The Business Process Framework model consists of processes at 5 levels:
- Strategy,
- Network Operations,
- Level-2,
- Level-3,
- Level-4.
These levels form a hierarchy, with each level encapsulating a group of processes at the next level of detail.

=== Rows and columns ===
The graphic representation of a Business Process Framework (eTOM) model consists of rows and columns, the intersections of which denote specific business processes.
- The top row includes customer facing activities such as marketing,
- While the bottom row includes supplier facing and support activities.
In this manner the Business Process Framework map covers the whole value chain. The map also indicates the interaction between processes.

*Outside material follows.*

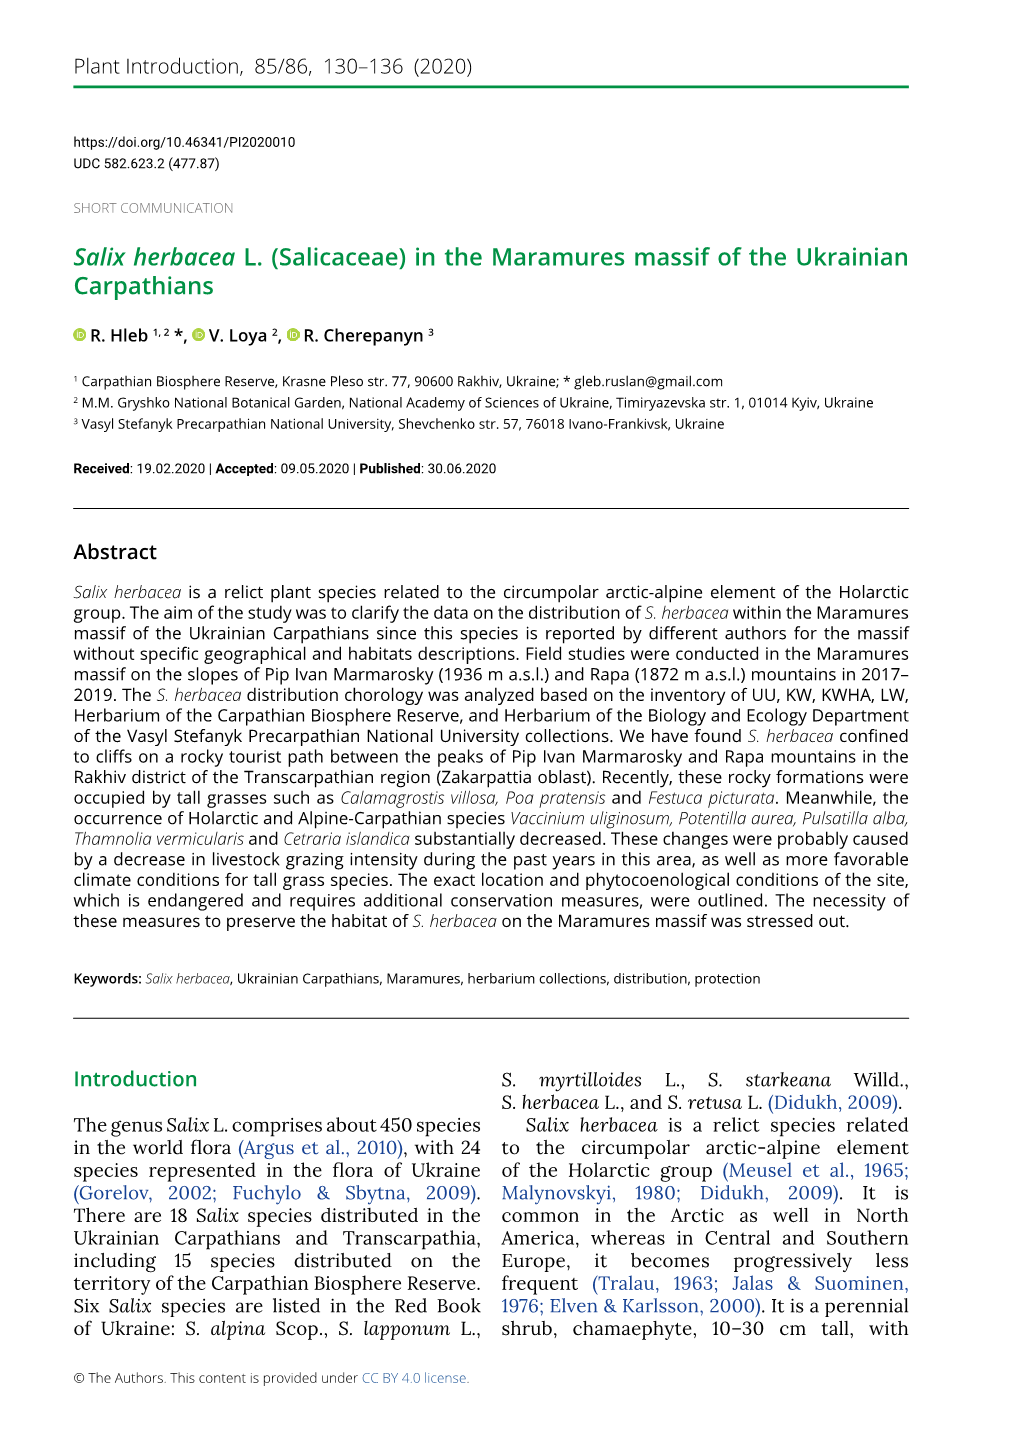 Salix Herbacea L. (Salicaceae) in the Maramures Massif of the Ukrainian Carpathians

=== Three broad sections ===
Business Process Framework (eTOM) processes fall into three major process areas,
- "Strategy, Infrastructure & Product",
- "Operations", and
- "Enterprise Management",
- Strategy, Infrastructure & Product
- Columns
 Strategy and Commit, Infrastructure Lifecycle Management and Product Lifecycle Management
- Rows
 Marketing & Offer Management, Service Development & Management, Resource Development & Management and Supply Chain Development & Management

- Operations
- Columns
 Operations Support & Readiness, Fulfillment, Assurance and Billing
- Rows
- Relationship Management, Service Management & Operations, Resource Management & Operations and Supplier/Partner
- Relationship Management.

== Other standards ==
- ITIL is an analogous standard or framework for best practices in information technology.
- Both of these frameworks are part of Total Quality Management, in which industries have, since 1950, formalized their business processes and metrics in search of higher quality, fewer defects, and greater efficiency.
- ISO 9000 is another of these "process and results improvement" standards, but it is far more generic than either Business Process Framework or ITIL.
- Business Process Framework has been adopted by the ITU-T as a Recommendation and published in the M.3050.x series.
- OpenReference is a business process framework developed for product and service businesses and includes processes, metrics and practices.